How to Use Multi-GPUs to Train Your Model

DI-engine supports data-parallel training with multi-GPUs.

During data-parallel training, each device handles a portion of total input. Large training batch significantly accelerate the training process.

About data-parallel training in DI-engine, we support two types which are DataParallel(DP) and DataDistributedParallel(DDP).
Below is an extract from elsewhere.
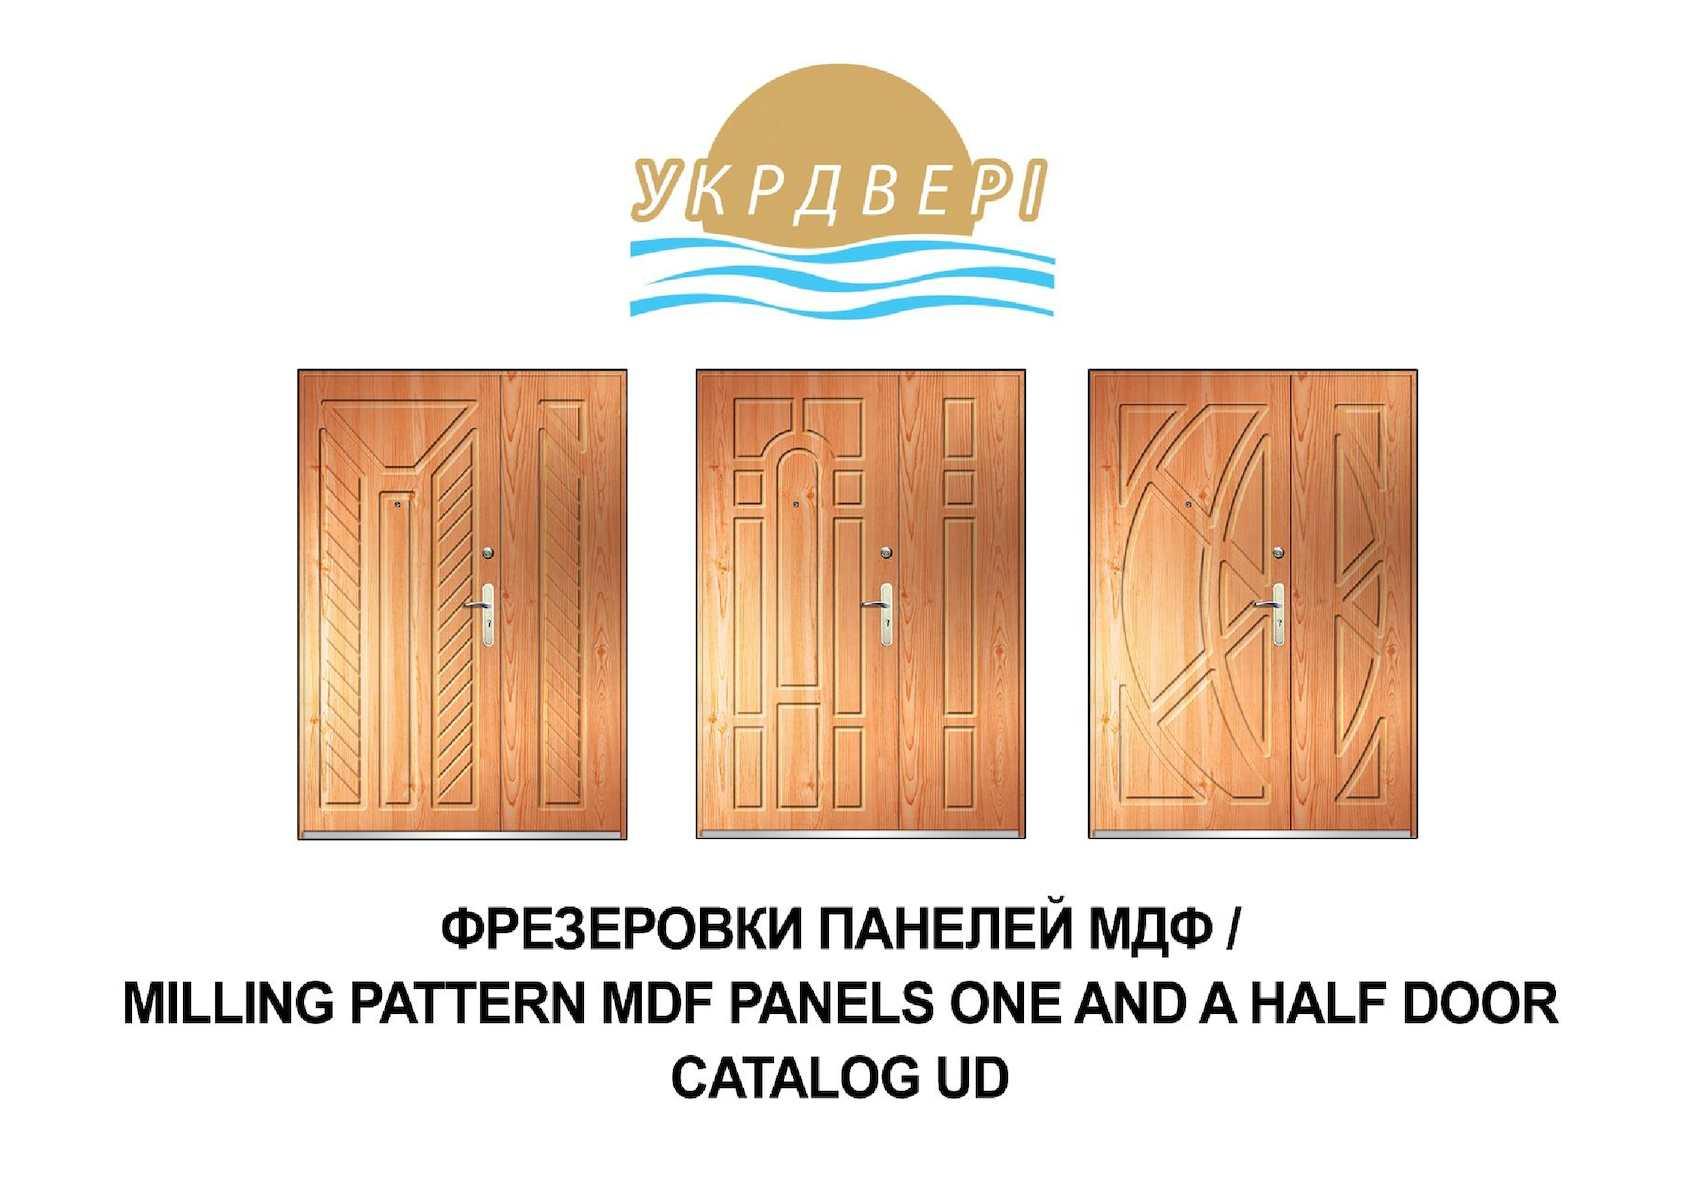 Фрезеровка панелей МДФ/MILLING PATTERN MDF

The experimental environment referred to here is a single machine with multi-GPUs.

DataParallel(DP) Mode

DP is mainly used for single-machine multi-GPUs, single-process control multi-GPUs. There is 1 master node, the default is device[0]. The gradients are aggregated to the master, and the parameters are updated through backpropagation, and then the parameters are synchronized with other GPUs.

  1. In DI-engine, we define ding.torch_utils.DataParallel, which inherits Torch.nn.DataParallel. And at the same time, we rewrite the parameters() method. please refer to ding/torch_utils/dataparallel.py

import torch
import torch.nn as nn

class DataParallel(nn.DataParallel):
    def __init__(self, module, device_ids=None, output_device=None, dim=0):
        super().__init__(module, device_ids=None, output_device=None, dim=0)
        self.module = module

    def parameters(self, recurse: bool = True):
        return self.module.parameters(recurse = True)
  1. Training

from ding.entry import serial_pipeline
from ding.model.template.q_learning import DQN
from ding.torch_utils import DataParallel

model = DataParallel(DQN(obs_shape=[4, 84, 84],action_shape=6))
serial_pipeline((main_config, create_config), seed=0, model=model)

We don’t need to change any other code, just simply encapsulate the policy. Please refer to dizoo/atari/config/serial/spaceinvaders/spaceinvaders_dqn_config_multi_gpu_dp.py

For DP, the runnable script demo is demonstrated as follows.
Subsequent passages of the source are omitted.